Information provided Start Marker
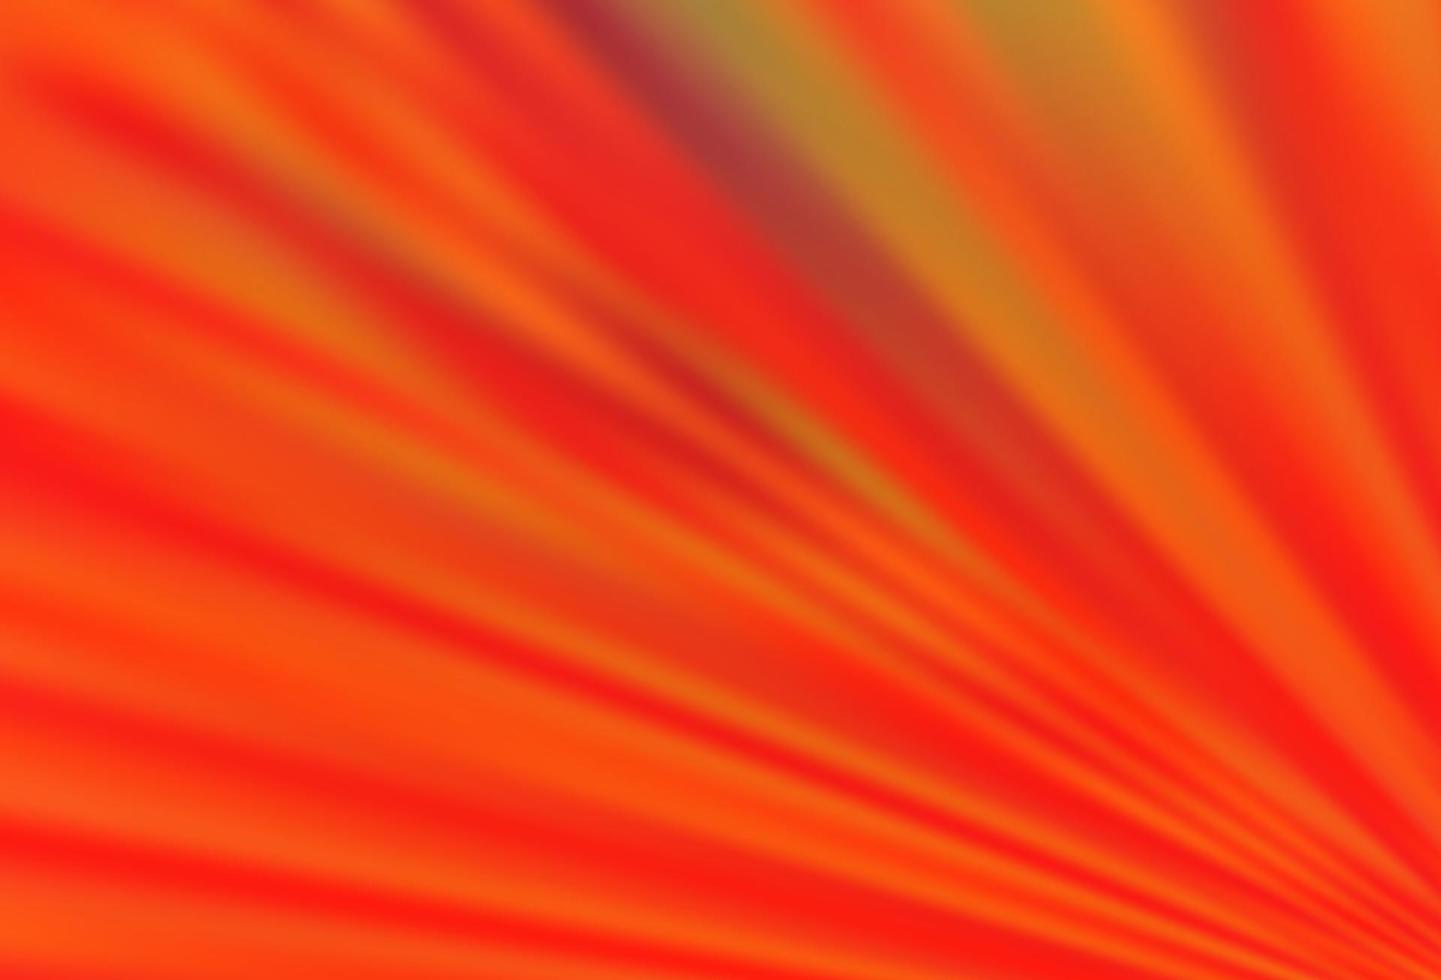 textura de vetor laranja claro com linhas coloridas.
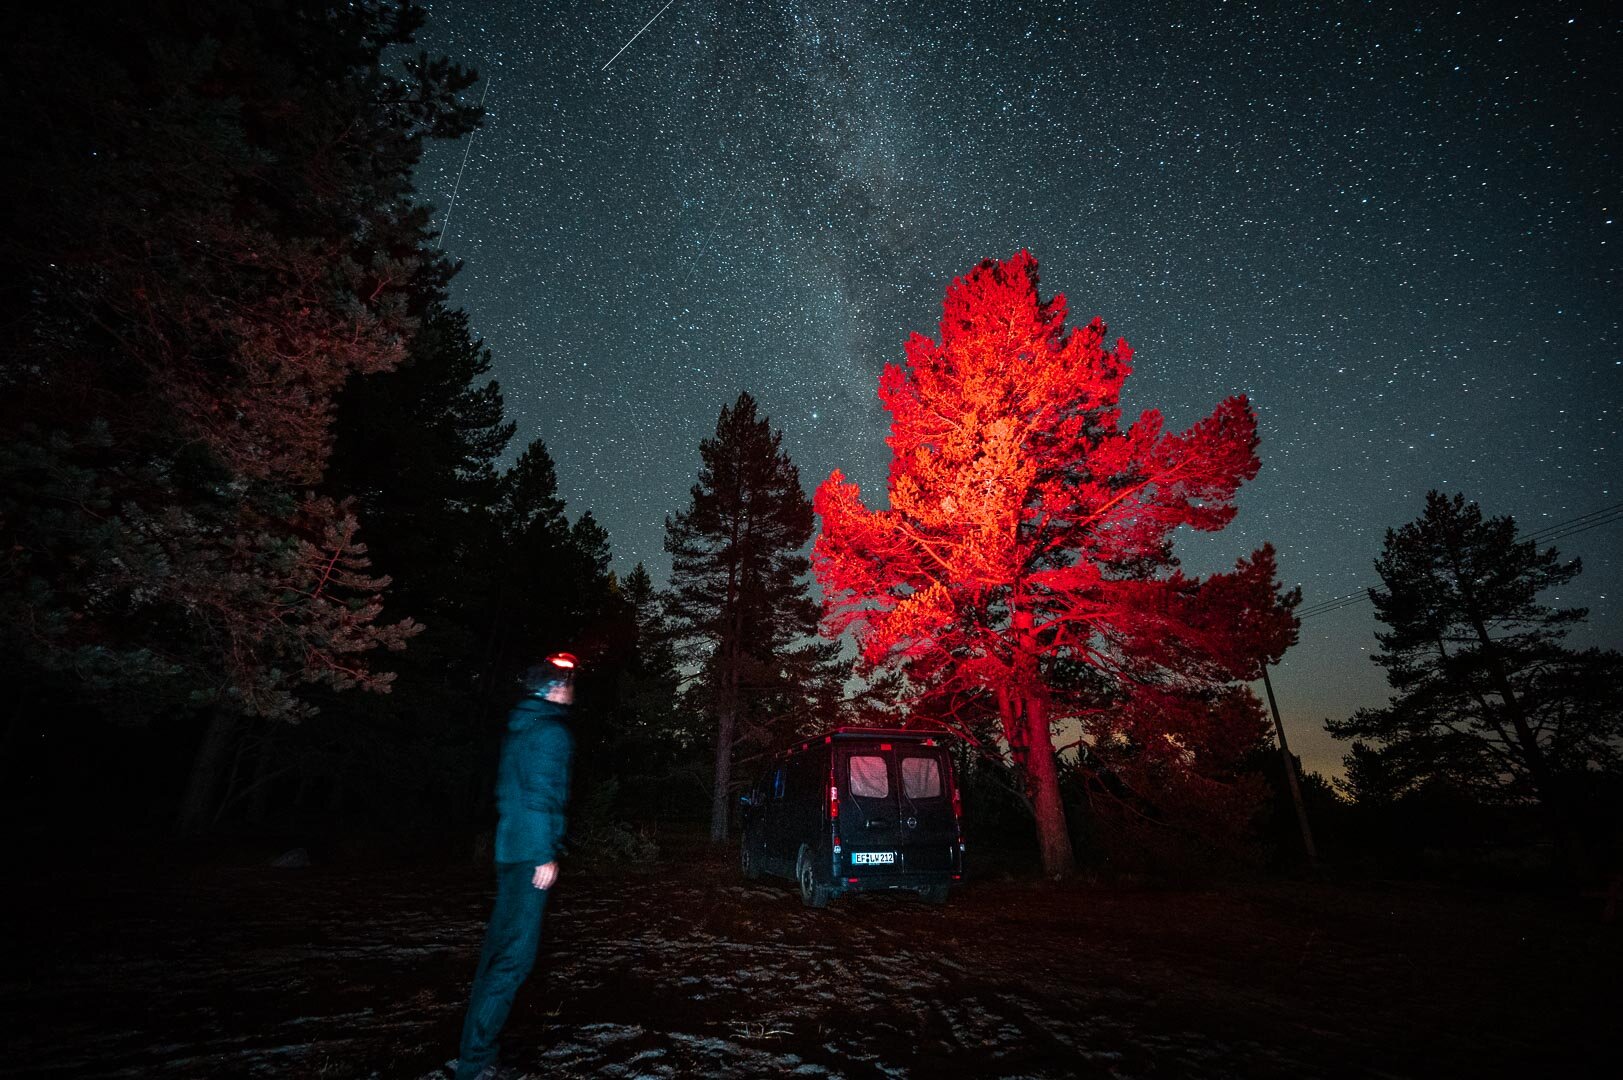 Stirnlampe Rotlicht - Astrofotografie — Landschaftsfotograf Lucas
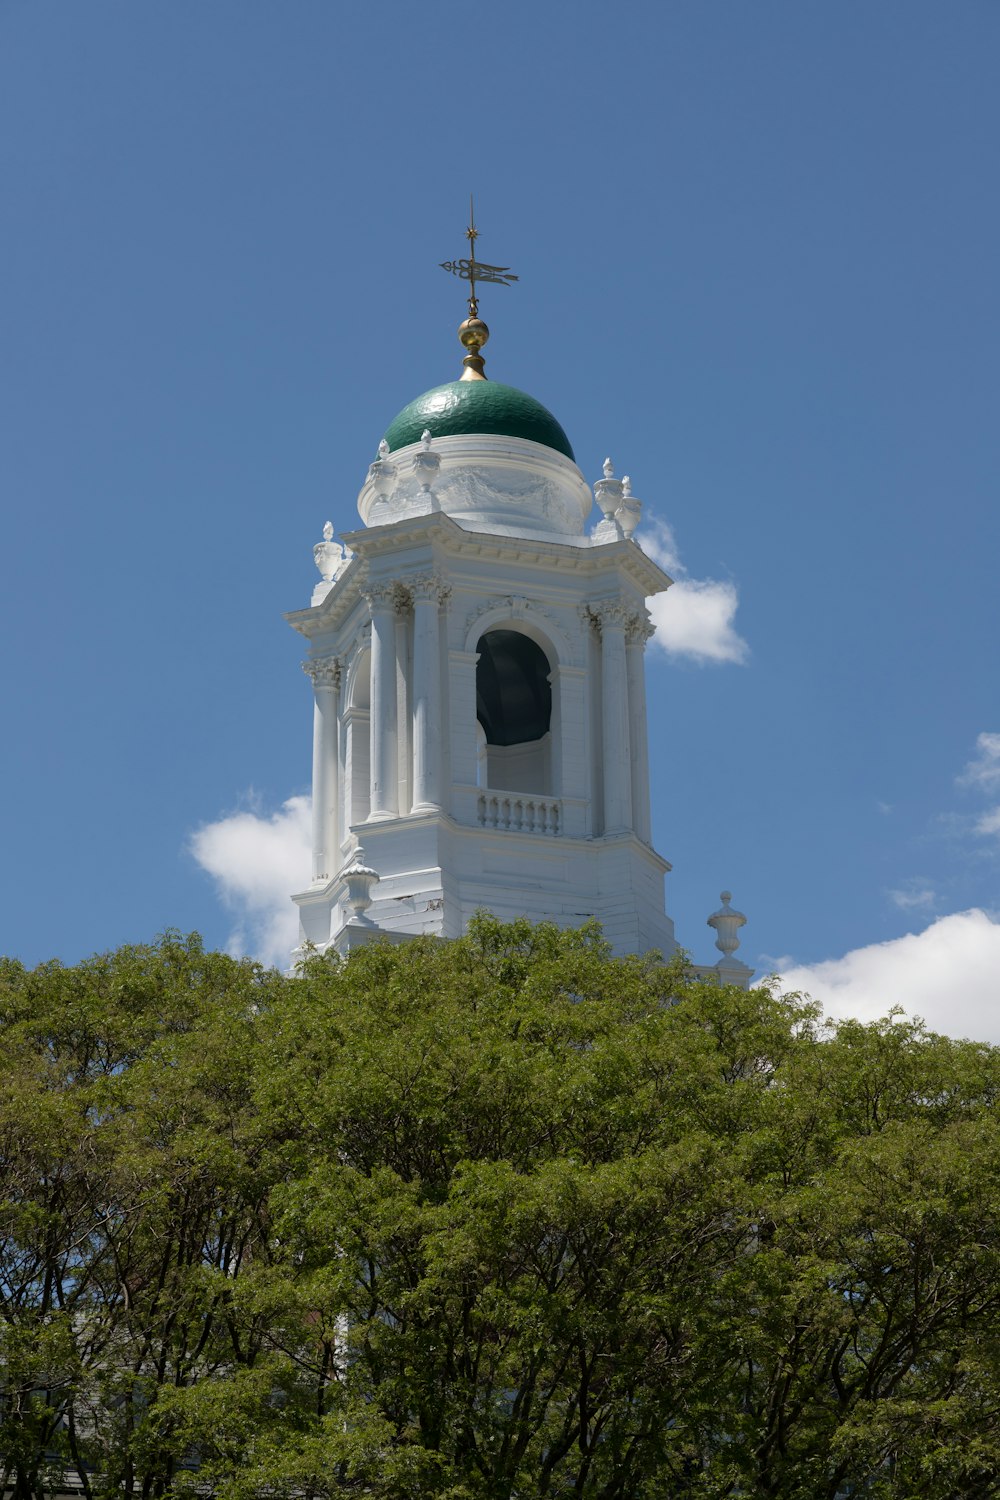 緑のドームと十字架が上にある白い建物
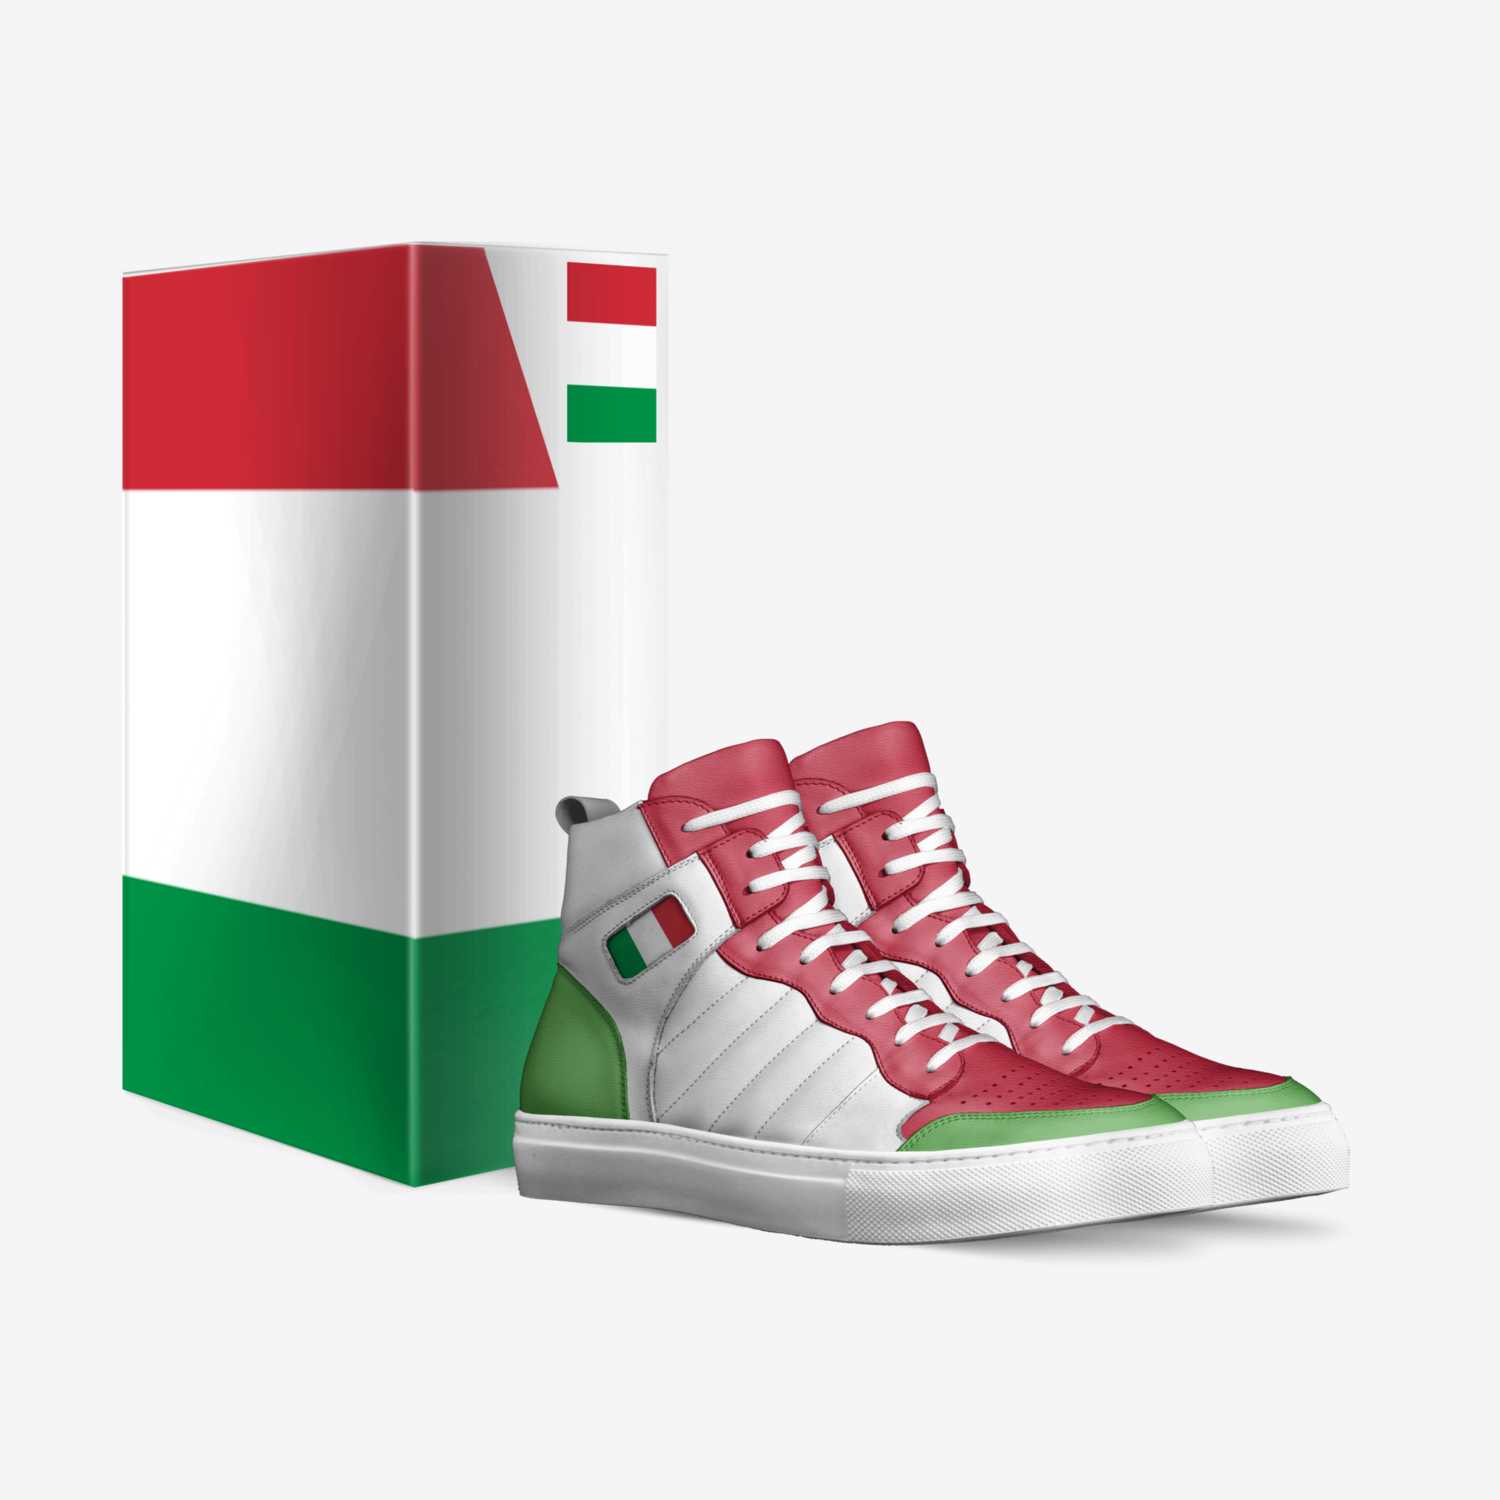 Rivoluzione custom made in Italy shoes by Sergio Maldonado | Box view
Information provided End Marker
**Assignment**
Give the data above again in full and unchanged, skipping the pictures.

**Response below**
 textura de vetor laranja claro com linhas coloridas.
 Stirnlampe Rotlicht - Astrofotografie — Landschaftsfotograf Lucas
 緑のドームと十字架が上にある白い建物
 Rivoluzione custom made in Italy shoes by Sergio Maldonado | Box view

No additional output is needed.